# fire damage



## boman47k (Aug 25, 2006)

This may be hard to answer without knowing the extent of damage, but what is the best way to clean smoked wood from a fire in a small auditorium. Suffered damage to the round wooden ceiling ( tounqe and groove ) and the wooden pews. Actually, it is the church part of the local Salvation Army.

I have been in a house that had some fire damage that had been Kilzed once. Must have the wrong kind. It still had the burnt smell. Now that I think about it, not sure all of it had been treated.


----------



## slickshift (Aug 25, 2005)

Original Kilz (oil-based) may work on some amount/type of damage
Zinsser's BIN, or other pigmented shellacs, work on more (worse) damaged areas than oil-based sealers can seal

It still could be bad enough that BIN won't work
But in that case, you are really in the market for replacing

For the other house
It may have been the wrong type of Kilz (the others- not the "Original Kilz"- really don't work well)
Or the damage may have been to severe for oil to work well enough
...or the area wasn't fully treated


----------



## boman47k (Aug 25, 2006)

> ...or the area wasn't fully treated


Yeah Slick, I remember now why I didn't buy that house many years ago. I noticed the smell and saw some burned wood in the attic. Not just charred but some burned at least a quarter of the way through. 

How would you go about cleaning what is salvageable to get it ready to cover with anything?


----------



## slickshift (Aug 25, 2005)

Serious fire damage I call a specialist
As I contract for painting and remod services, I can't really do something that "might" work
I have to _know_ it'll work

Small stuff I'll use whatever to clean it
It doesn't matter to much, it just has to clean as much as possible and not leave a residue, or the residue must be rinsed properly
Simple Green is good, it just needs to be rinsed


----------



## boman47k (Aug 25, 2006)

> Simple Green is good, it just needs to be rinsed


If anything like mMean Green, it has to be rinsed very well. I used to use Mean Green to clean appliances, it leaves a residue if not thoroughly rinsed. I always thought simple green was propably pre-diluted mean Green.


----------



## SgtBaldy (Jul 18, 2006)

I forget the name of the sponges that I used when i worked for a fire restoration co but they are made to wipe down excess smoke damage then seal and paint. BIN is the best for heavy smoke damage. If there is any charring then you need to replace. If you still have the smell after sealing and painting then you need to clean all other surfaces. Seal attic rafters and treat ac ducts and replace all insulation. Really you need a pro out to do all this stuff cus you can't buy most of this stuff at diy retail.


----------



## AAPaint (Mar 4, 2006)

Smoke damage is a tough one for sure. As a painting contractor, I sometimes handle projects like this...but it only includes walls and ceilings. All the other items will have to be handled by someone else. 
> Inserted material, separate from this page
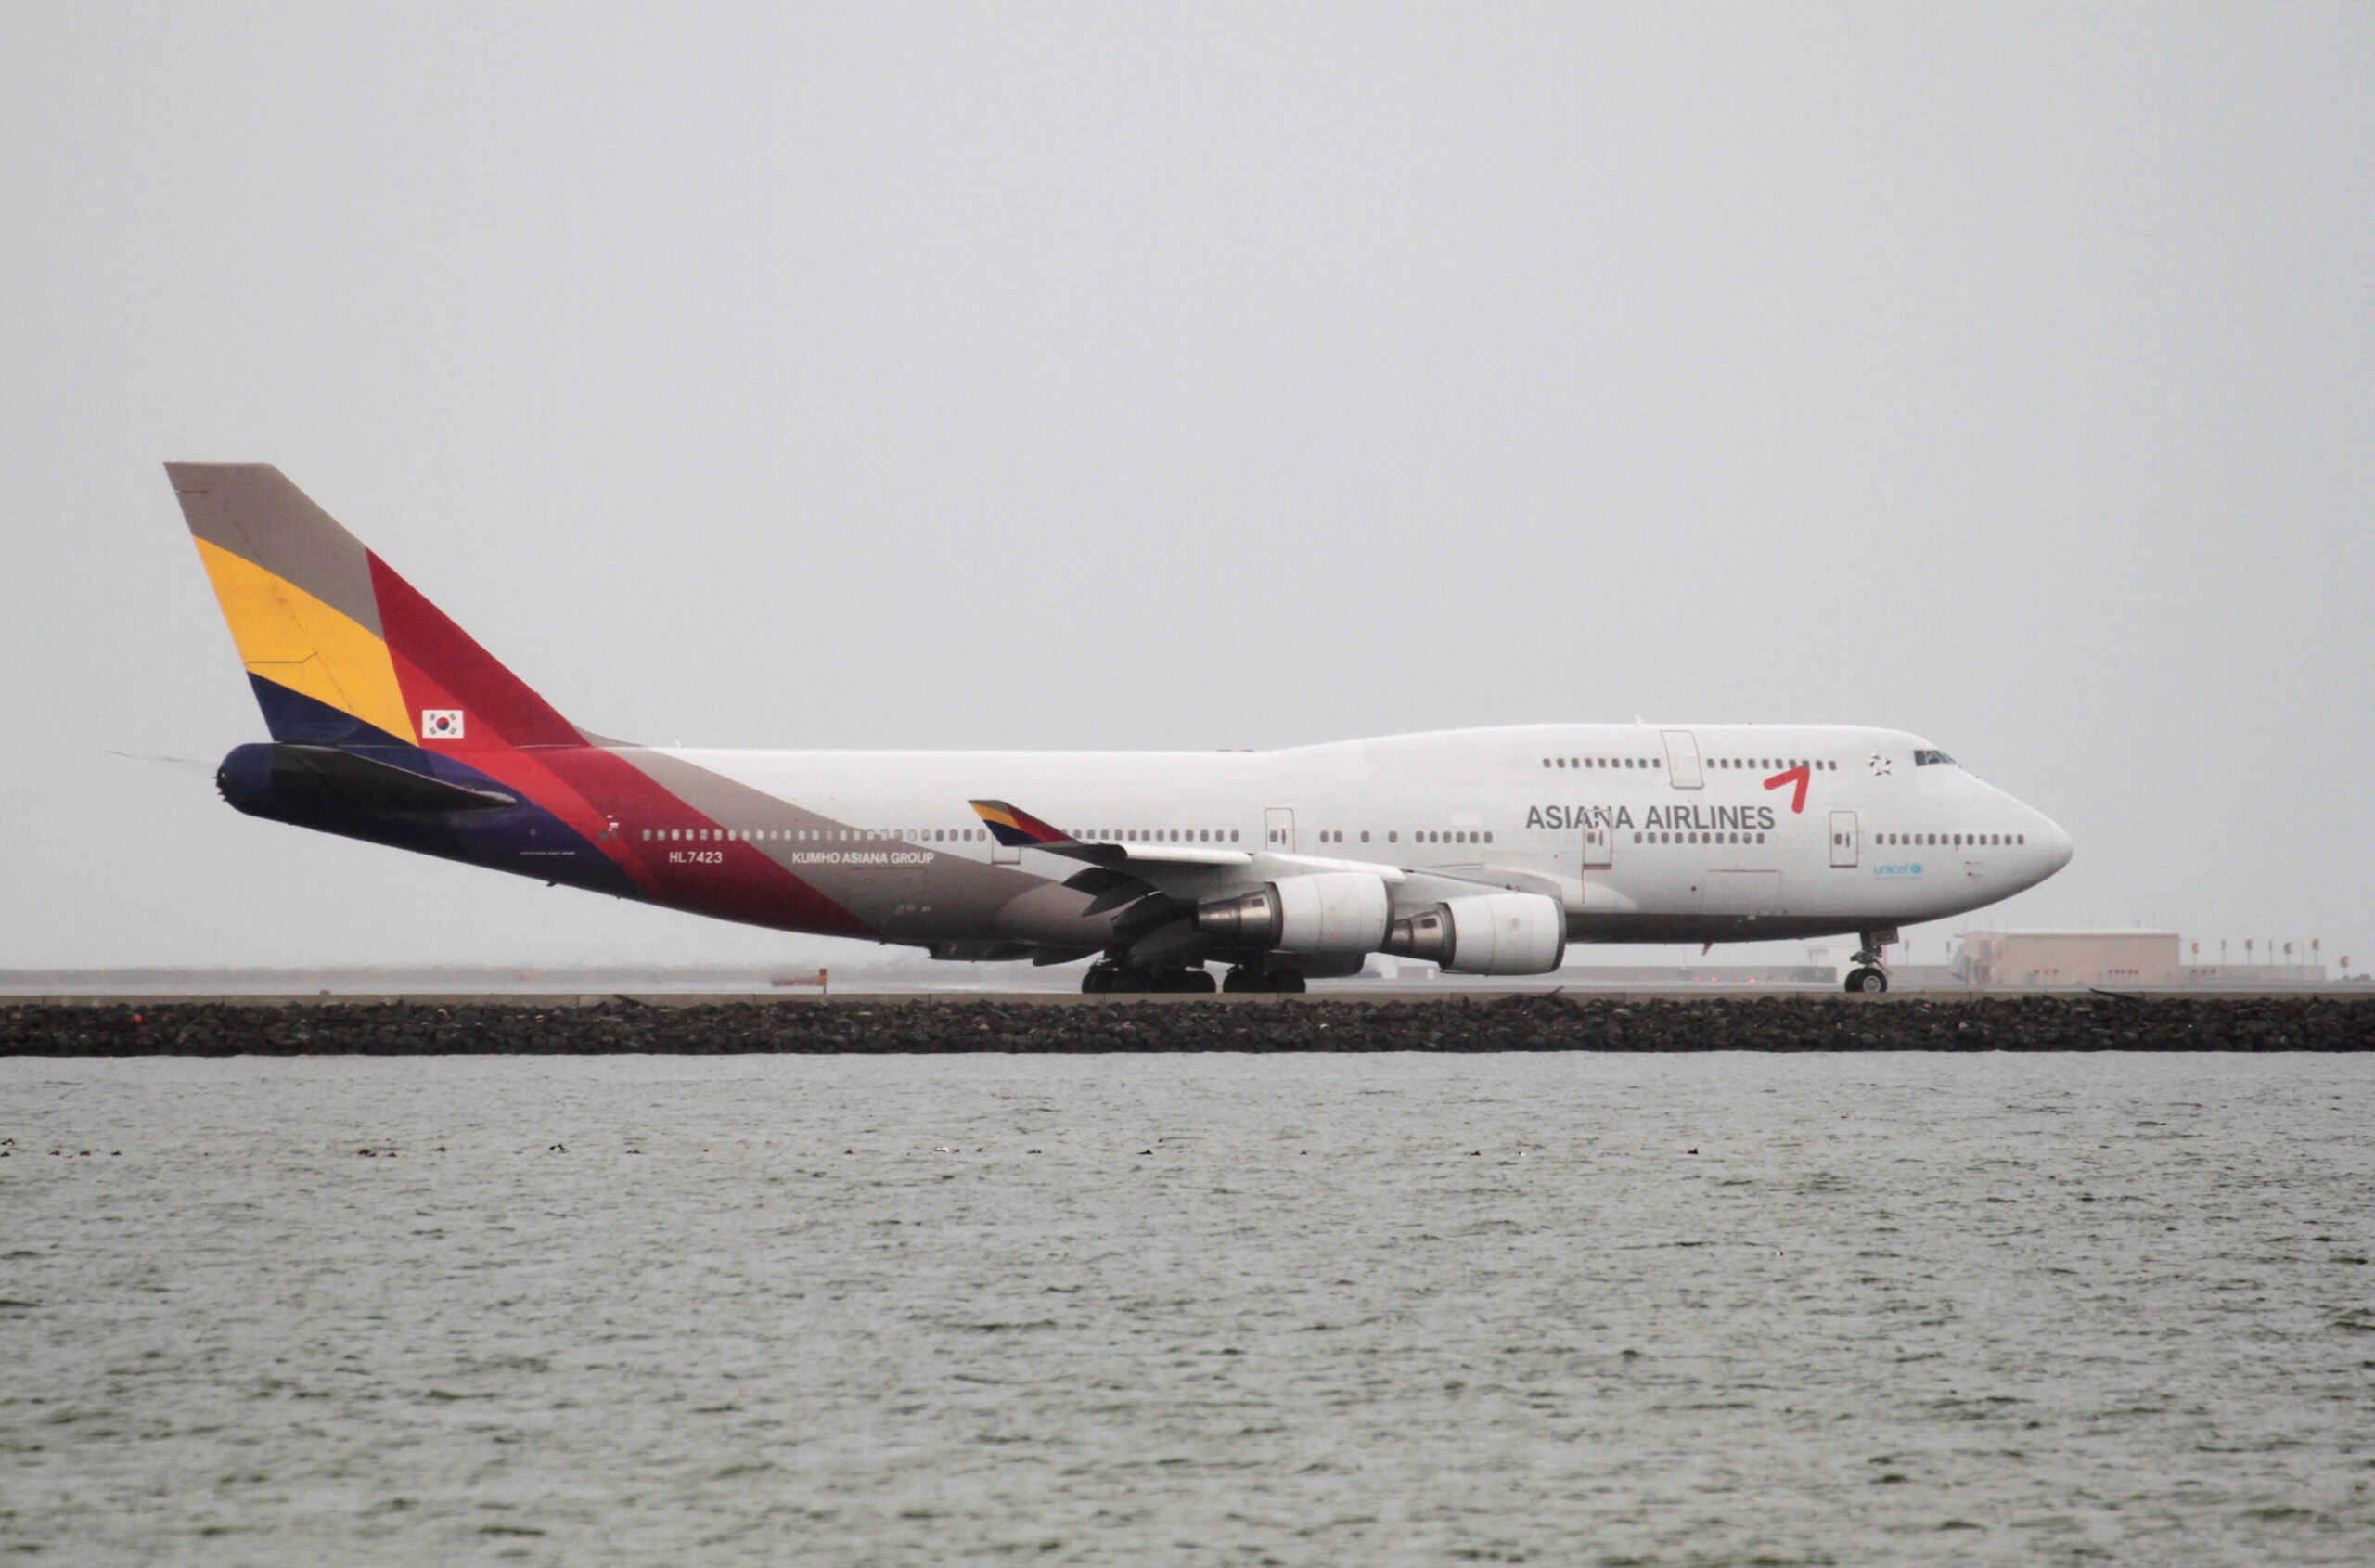 Νότια Κορέα: Τρόμος στον αέρα σε αεροπλάνο της Asiana Airlines, όταν άνοιξε πόρτα – Βίντεο

Typically we will wash down all areas with smoke damage with a straight TSP and water solution. This process takes a LOT of water to clean the soot off the surface. Then we use Zinsser's BIN primer to seal in the smoke stains and smell, usually applied by spray. After that, we topcoat with two coats of latex in whatever flavor the customer wants. I prefer chocolate! :laughing:

Kilz, IMHO, won't come close to handling a project like that. I tend to look at it as a knock-off of BIN, and it honestly does not perform nearly as well. 

Like Sgt. Baldy said, if any of it is charred, you'll have to replace it. The attic, ducts, etc. would be a whole other ball game, and could harbor the smell for years to come.

Here's a recent project I did. 
http://www.contractortalk.com/attachment.php?attachmentid=2756&stc=1&d=1157141962
http://www.contractortalk.com/attachment.php?attachmentid=2875&stc=1&d=1157949676

This forum won't let me post pics?? That's dirty.


----------